### Data excerpt
┄┄┄┄┄┄┄┄┄┄┄┄┄┄┄┄┄┄┄┄

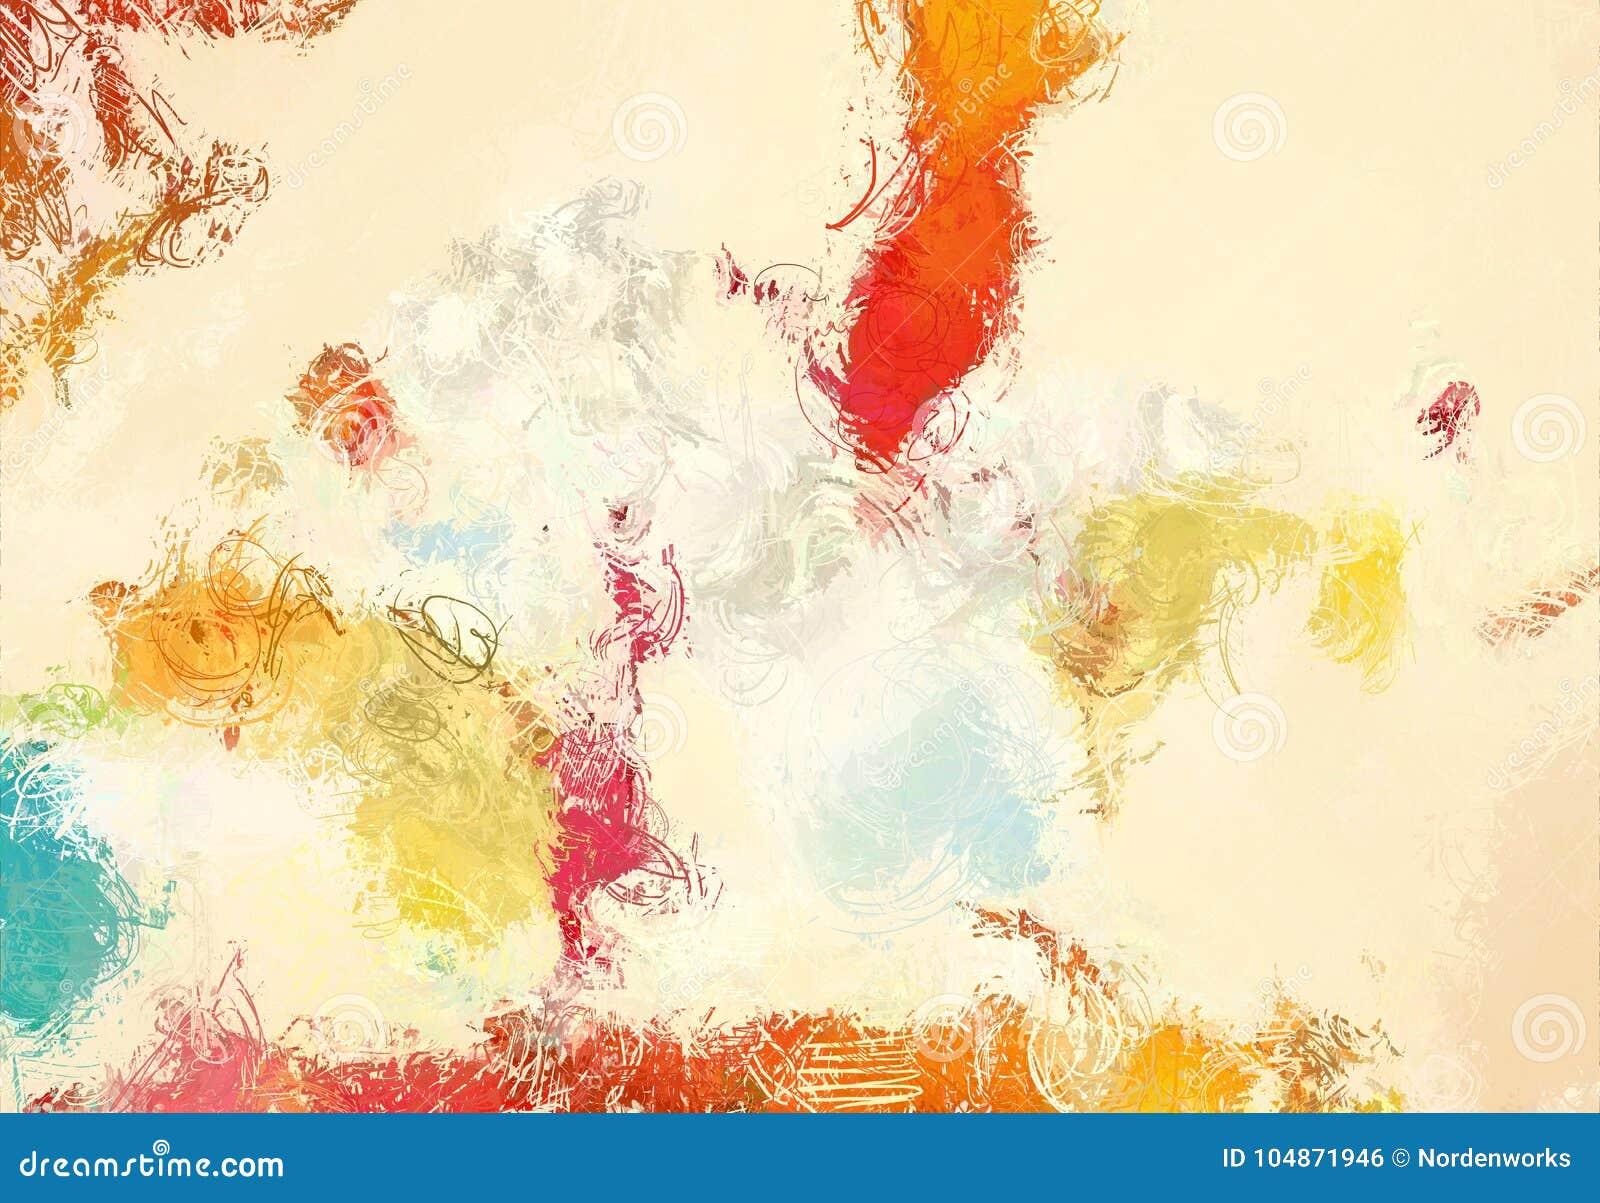 Αφηρημένη σύσταση σκίτσων τέχνης Ζωηρόχρωμες γραμμές που σύρονται ψηφιακά ζωηρόχρωμη σύσταση σύγχρονο έργο τέχνης αφηρημένο ανασκ
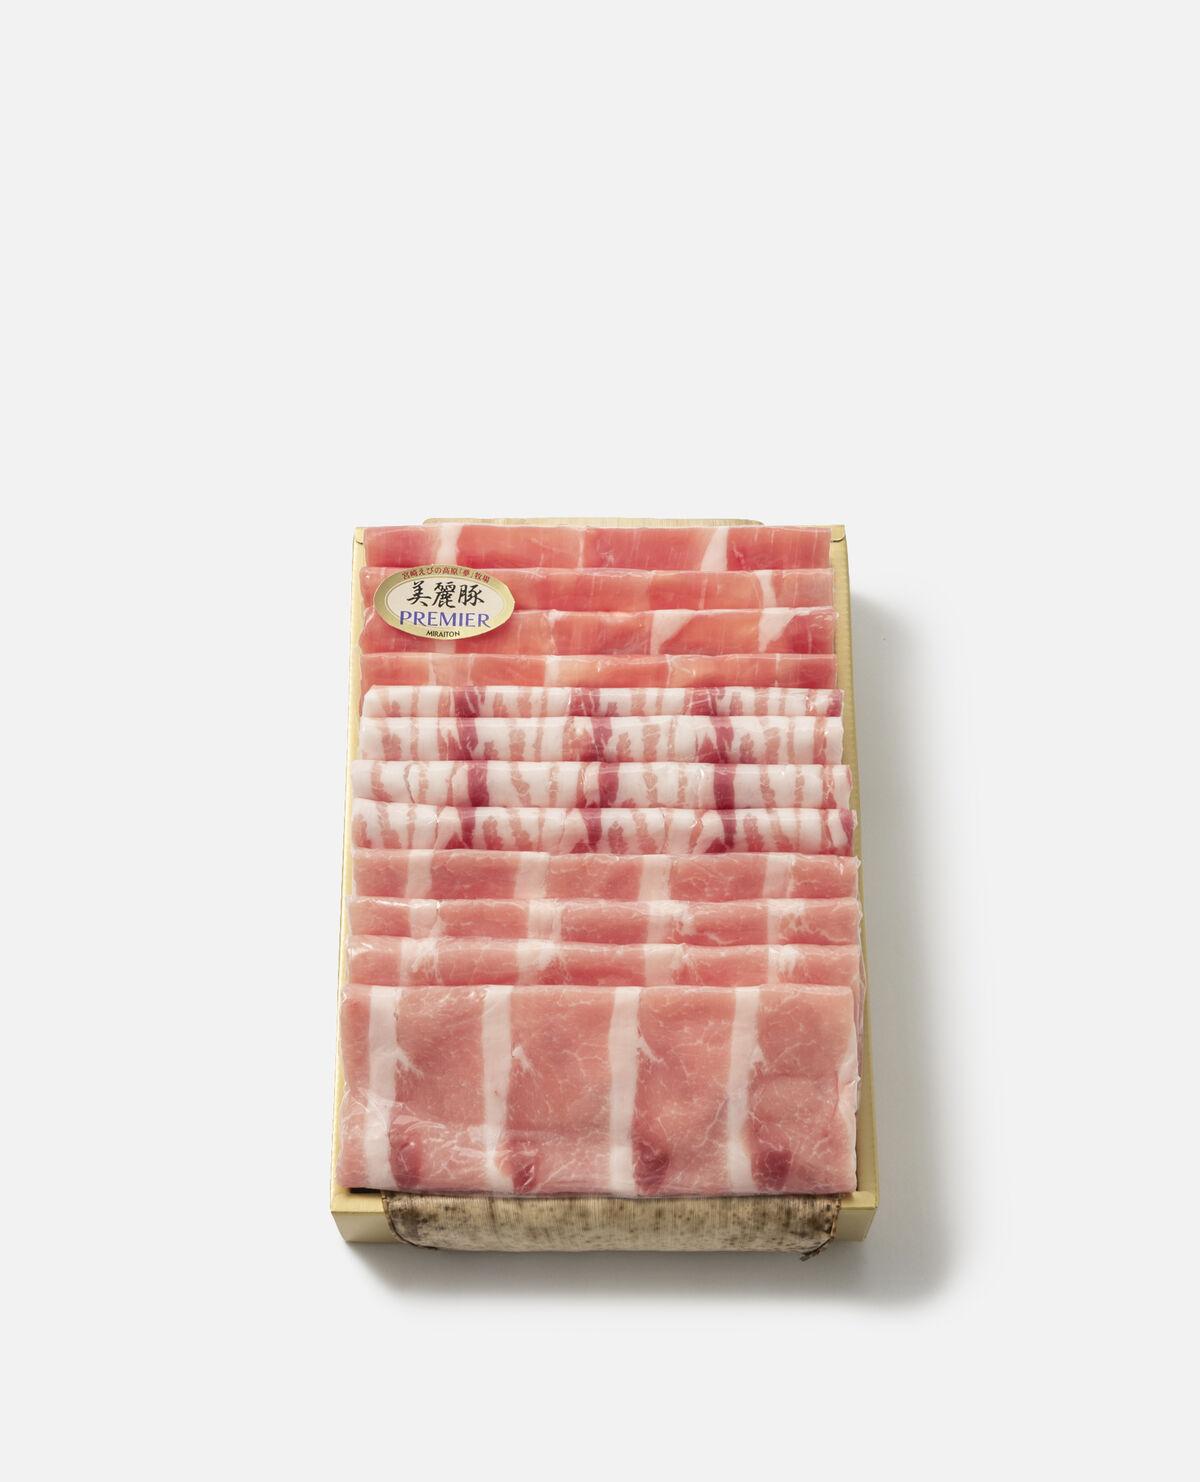 宮崎県産プレミアム美麗豚うす切り詰合せ
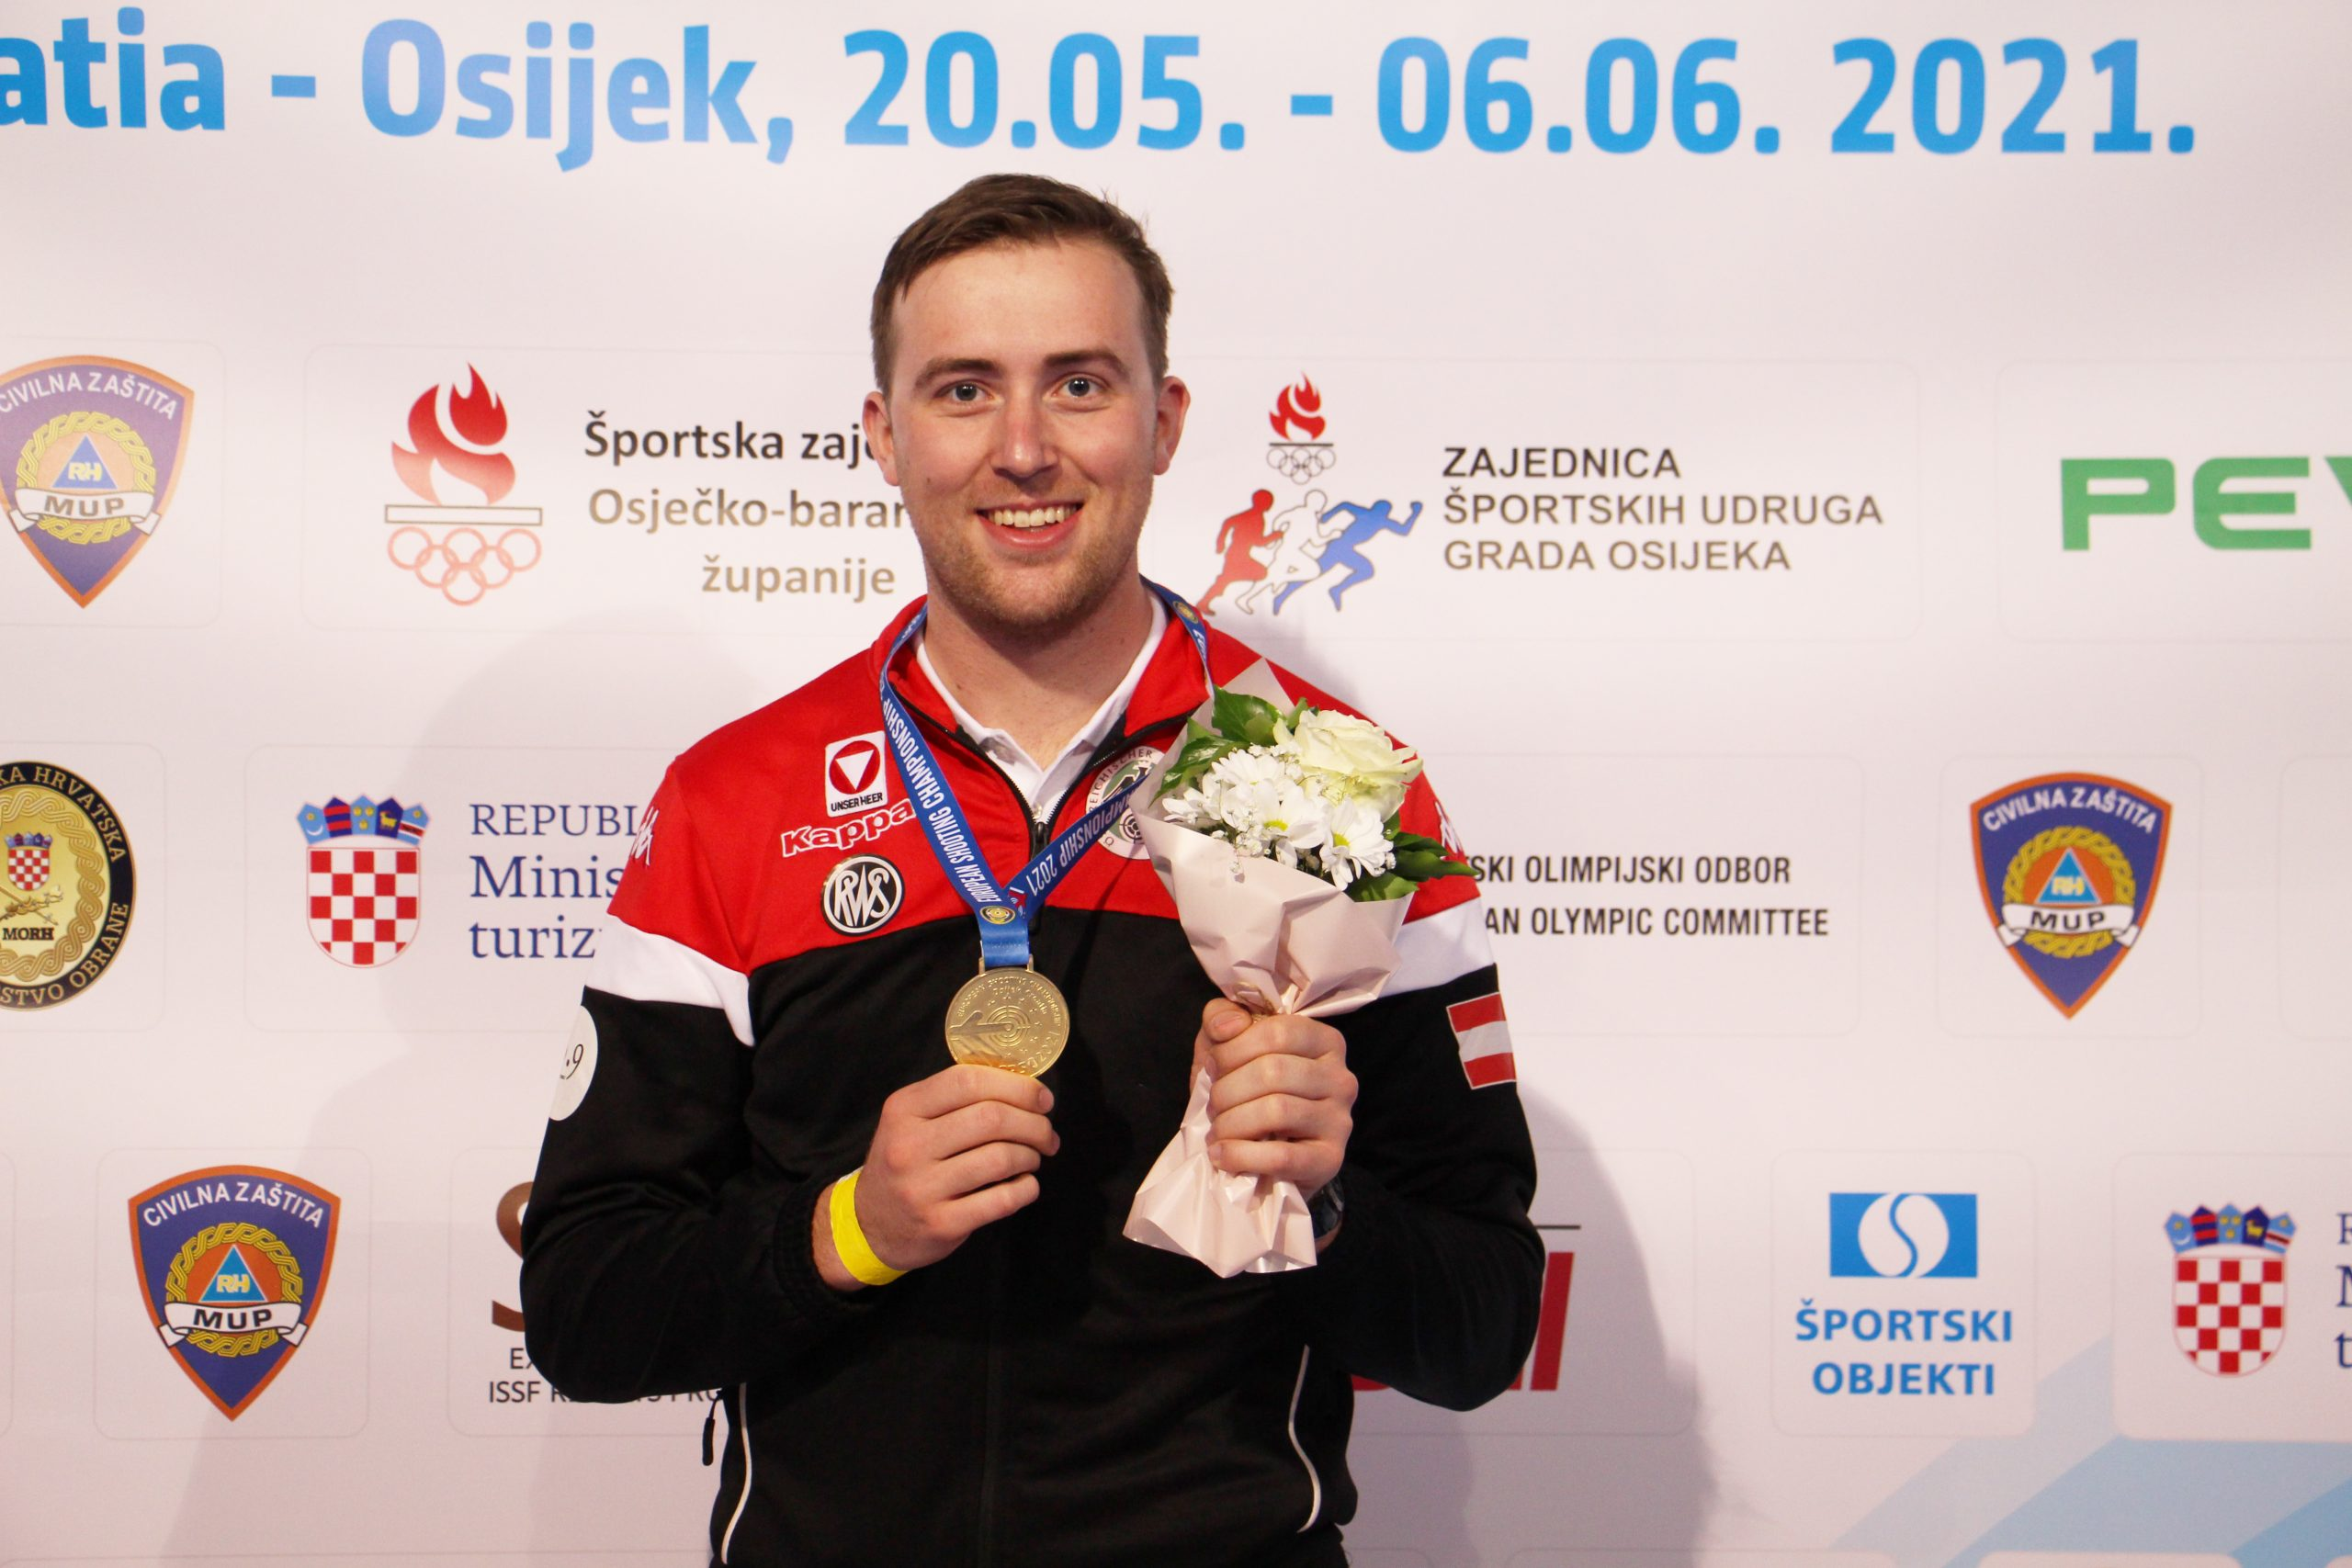 Gernot Rumpler neuer Europameister im 300m-Gewehr Liegend mit eingestelltem Weltrekord © Margit Melmer, ÖSB

┄┄┄┄┄┄┄┄┄┄┄┄┄┄┄┄┄┄┄┄

### Problem description
Print the complete listing exactly, apart from any pictures.

### Written answer
 Αφηρημένη σύσταση σκίτσων τέχνης Ζωηρόχρωμες γραμμές που σύρονται ψηφιακά ζωηρόχρωμη σύσταση σύγχρονο έργο τέχνης αφηρημένο ανασκ
 宮崎県産プレミアム美麗豚うす切り詰合せ
 Gernot Rumpler neuer Europameister im 300m-Gewehr Liegend mit eingestelltem Weltrekord © Margit Melmer, ÖSB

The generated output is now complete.